“- Há uma data na varanda nesta sala – disse
Germana – que lembra a época em que a casa se reconstruiu. Um incêndio, por
alturas de 1870, reduziu a cinzas toda a estrutura primitiva. Mas a quinta é
exactamente a mesma, com a mesma vessada, o mesmo montado, aforados à Coroa há
mais de dois séculos e que têm permanecido na sucessão directa da mesma família
de lavradores.
- Uma espécie de aristocracia ab imo. – E Bernardo riu-se, cheio duma
ironia afável e quase distraída; tirou do nariz as lunetas, muito maquinal,
colocou-as de novo, ajustando as molas de ouro nos vincos que pareciam o sinal
de unhadas, e, com um piscar precipitado como quem bruscamente transita da
obscuridade para a luz, disse ainda – «Ab
imo, da terra…», pois ele considerava a cultura como um privilégio pessoal,
e nunca perdia a oportunidade de se mostrar generoso, transmitindo-a. Pertencia
ele ao ramo da família que do capitalismo ascendera ao posto imediato da
intelectualidade e nisso fixara uma aristocracia. Pois que é a aristocracia
senão o degrau mais alto que uma sociedade deseja atingir, a supremacia de
determinada classe sobre as outras, a imposição dos seus valores, sejam eles de
força, de trabalho, de espírito, conforme a época que lhes é propícia? A
família de Bernardo Sanches tinha adquirido um estado aristocrático, o que quer
dizer que estacionara no cumprimento de determinada herança de hábitos, frases,
opiniões que, uma vez desprendidas da personalidade que os fizera originais,
restavam agora somente como snobismos e ocas imitações. Enfim, o talento da
imitação – pensava Germana – chegava a ser tão característico como uma
originalidade, não só em determinadas famílias, como, mais genericamente, em
determinados povos.
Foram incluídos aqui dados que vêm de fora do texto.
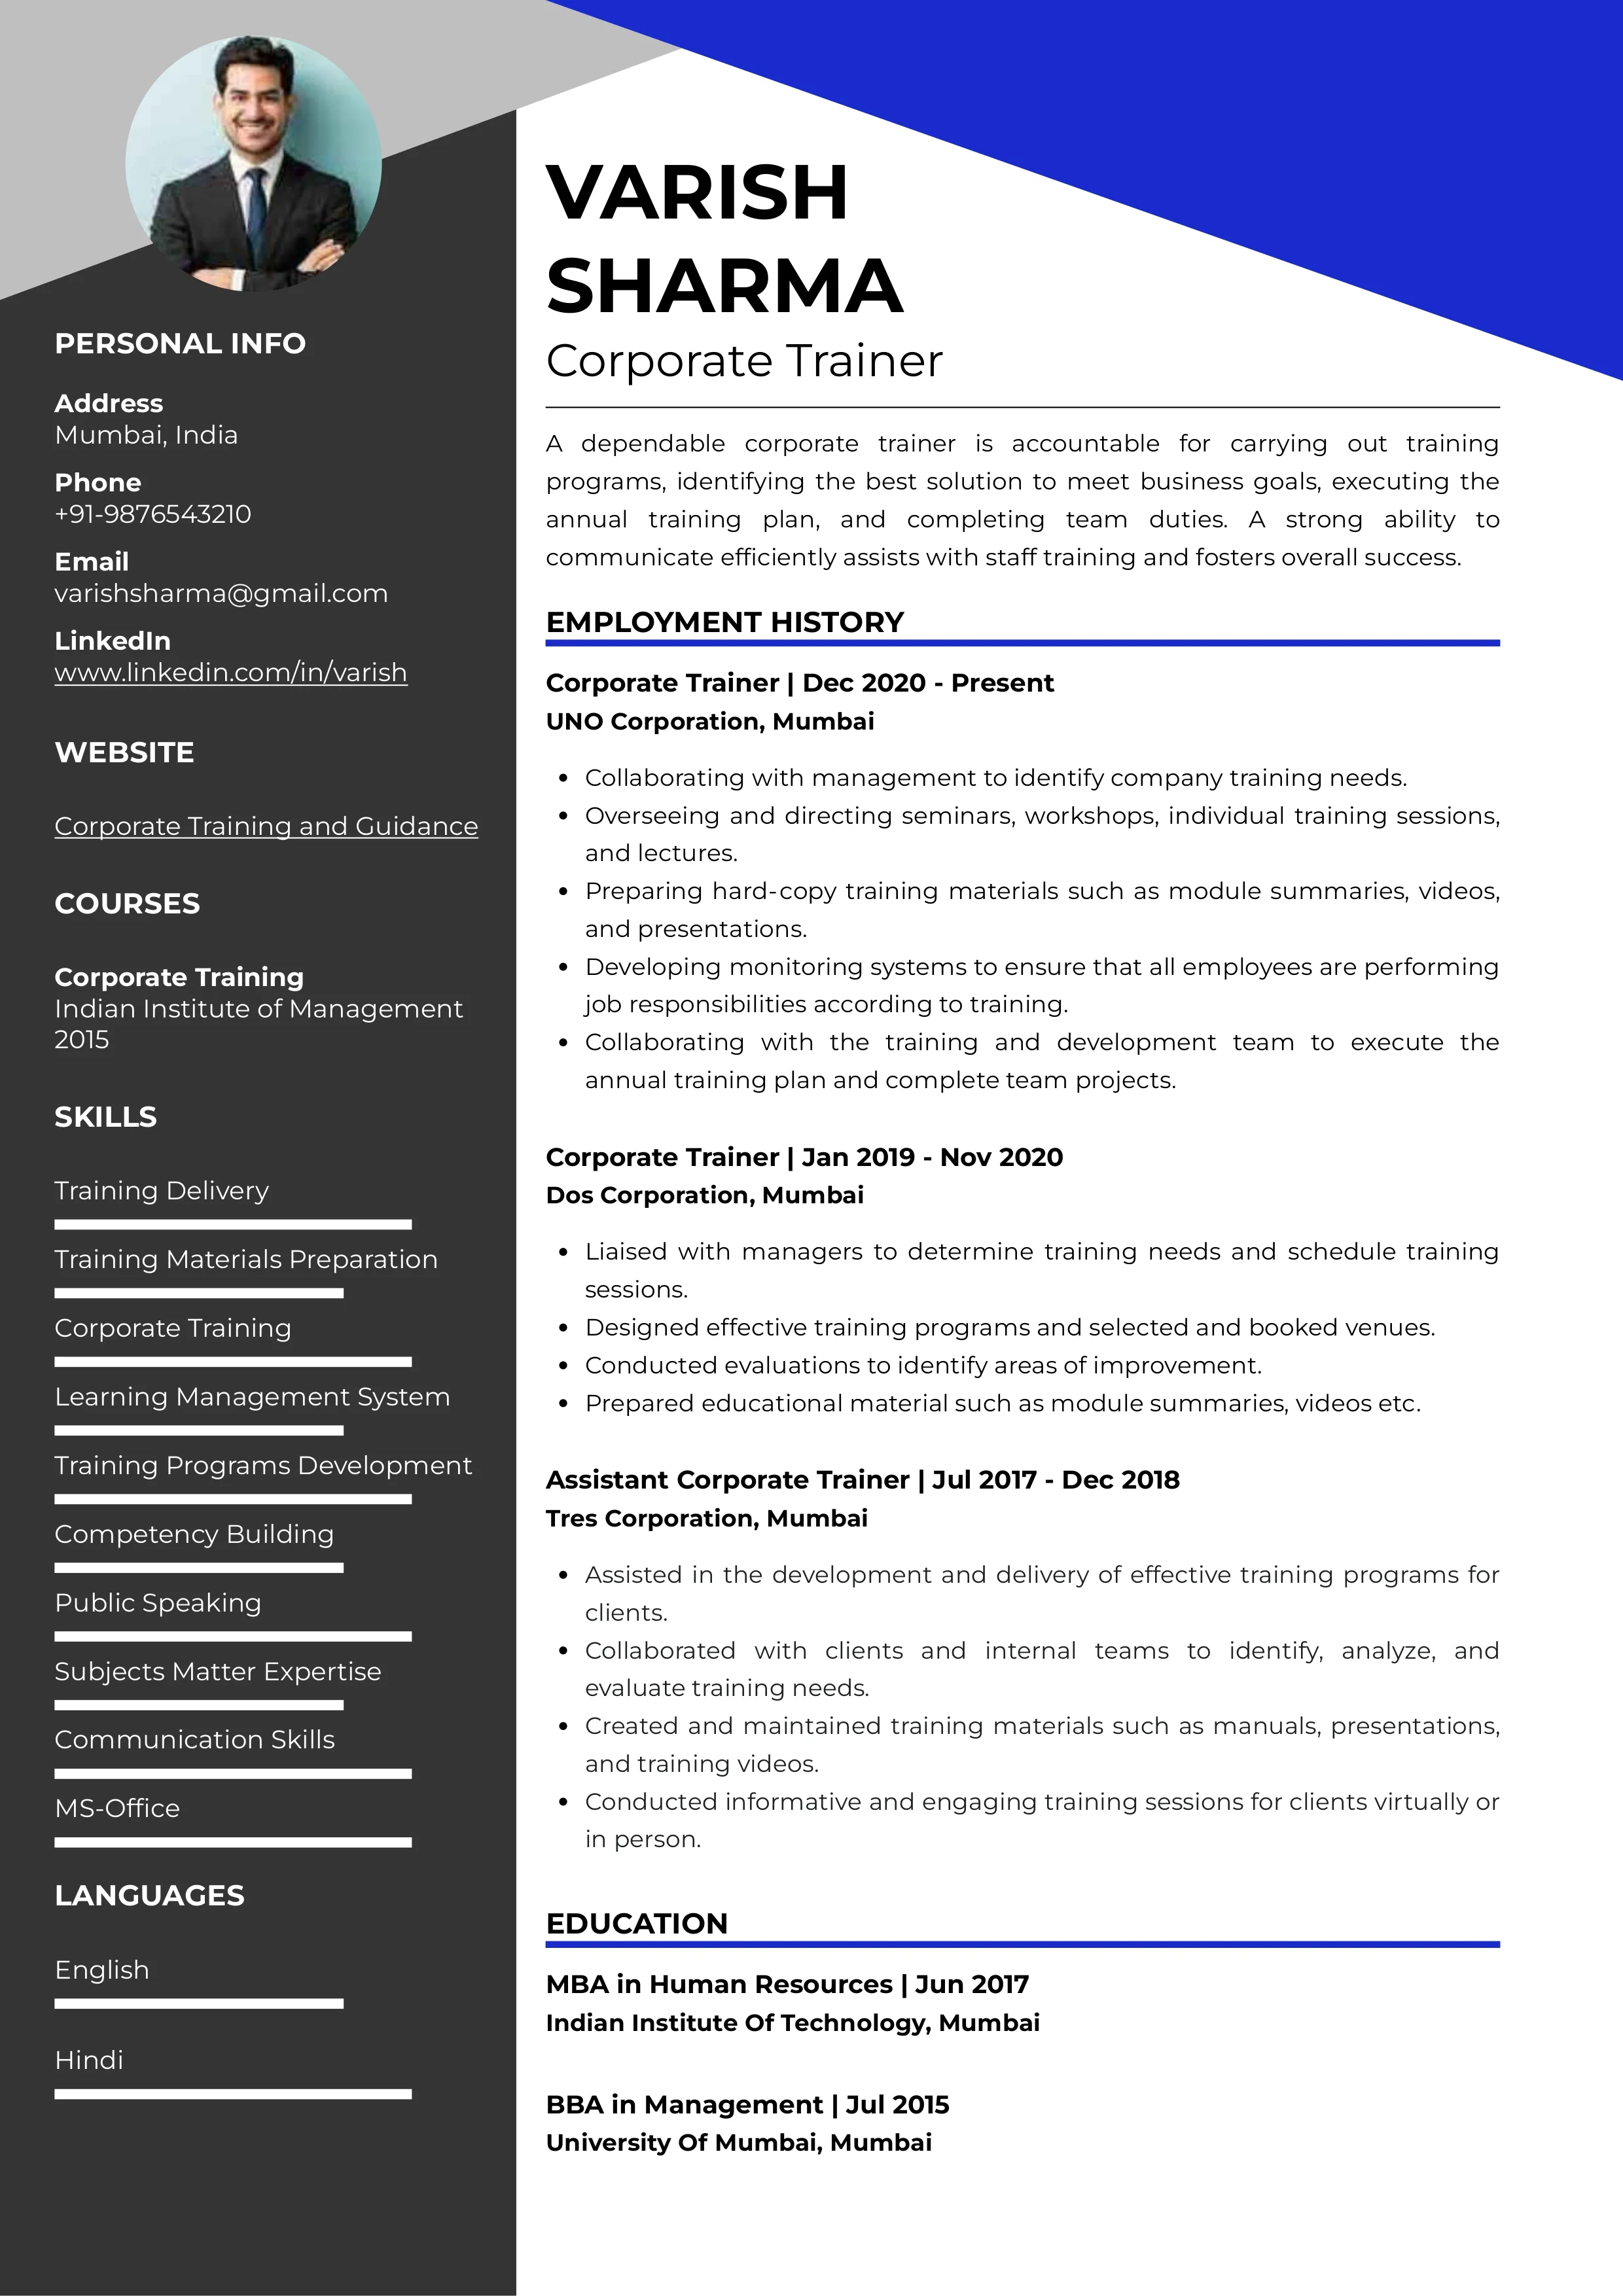 Sample Resume of Corporate Trainer | Free Resume Templates & Samples on Resumod.co

Bernardo Sanches era o exemplo duma raça heróica e
magnífica enquanto a sua história fora uma questão de sobrevivência, mas que,
com a segurança e o conforto, resultara numa brilhante mediocridade. Germana,
sua prima, era, por seu lado, um tipo fatídico das degenerescências, o artista,
o produto mais gratuito da natureza e que se pode definir como uma inutilidade
imediata. Era ela uma criatura paciente, tímida, e que inspirava confiança sem
limites. Os artistas, que, em geral, se fazem notar pela sua excêntrica
banalidade e que se distinguem dos burgueses porque vivem as extravagâncias que
os burgueses reprimem em si próprios, não se pareciam nada com Germa. Ela tinha
o espírito de parecer vulgar. Um dos seus prazeres consistia em analisar-se
como o conteúdo de todo um passado, elemento onde reviviam as cavalgadas das
gerações, onde a contradança das afinidades vibrava uma vez mais, aptidões,
gostos, formas que, como um recado, se transmitem, se perdem, se desencontram,
surgem de novo, idênticos à versão de outrora. Ela balançava-se activamente
numa velha rocking-chair que, a cada
impulso mais violento, pulava no sobrado, onde se acumulavam pilhas de maçãs
sustidas por tábuas muito esfareladas de serrim. Tal como Quina – pensou. E,
absorta, pôs-se a murmurar um lento monólogo, olhando à sua frente o caixilho
da porta que comunicava com a cozinha, onde se via a pedra da lareira, arrumada
e varrida de cinza.”
Primeiras linhas do romance A Sibila de Agustina Bessa-Luís
Agustina Bessa-Luís, A Sibila, Lisboa, Guimarães Editores, 1987.